All Hong Kong Pro-Democracy Lawmakers to Resign as China Crushes Opposition
Hong Kong’s pro-democracy lawmakers announced their intention to resign
Hong Kong’s pro-democracy lawmakers said Wednesday they would all quit in protest at the ousting of four of their colleagues by the city’s pro-Beijing authorities.
The four were disqualified in line with a resolution adopted earlier in the day by China’s parliament authorizing the local government to expel any politician it deemed a threat to national security.
The resignations will reduce the semi-autonomous city’s once-feisty legislature to a gathering of Chinese loyalists, effectively ending pluralism in the chamber.
They also mark another blow to Hong Kong’s beleaguered pro-democracy movement, which has been under sustained attack since China imposed a sweeping national security law earlier this year.
Graphic showing how the share of pan-democrat legislative seats in Hong Kong has gradually eroded through disqualifications and resignations since the last election in 2016
“We… will stand with our colleagues,” Wu Chi-wai, convener of the 15 remaining pro-democracy legislators, told a press conference.
“We will resign en masse.”
Earlier Wednesday, Hong Kong authorities ousted the four members just minutes after one of China’s top lawmaking committees ruled the city’s government could remove any legislator deemed a threat to national security without going through the courts.

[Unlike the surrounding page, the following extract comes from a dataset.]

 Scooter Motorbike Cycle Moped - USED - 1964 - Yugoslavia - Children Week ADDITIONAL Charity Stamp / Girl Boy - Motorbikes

Hong Kong’s leader is chosen by pro-Beijing committees, but half of its legislature’s 70 seats are directly elected, offering the city’s 7.5 million residents a rare chance to have their voices heard at the ballot box.
Scuffles and protests routinely break out, with the pro-democracy minority often resorting to filibustering and other tactics to try to halt bills they oppose.

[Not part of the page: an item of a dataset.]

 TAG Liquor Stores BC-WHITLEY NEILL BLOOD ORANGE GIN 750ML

At Wednesday’s press conference the pro-democracy camp joined hands and shouted “Hong Kong add oil!” — a popular slogan during months of huge and often violent protests that rocked the financial hub last year.
China passed the sweeping security law in June to quell the protests, describing it as a “sword” hanging over the heads of critics.
Opposition lawmaker Claudia Mo said Beijing was trying to “sound the death knell of Hong Kong’s democracy fight”.
“They would think that from now on, anyone they found to be politically incorrect or unpatriotic… they could just oust you,” she said.
“We are quitting this term, this legislature, we’re not quitting Hong Kong’s fight.”
International condemnation poured in of the move against the lawmakers.
British Foreign Secretary Dominic Raab criticized China’s decision as “a further assault on Hong Kong’s high degree of autonomy and freedoms”.
Chris Patten, the city’s last colonial governor, also criticised the removals.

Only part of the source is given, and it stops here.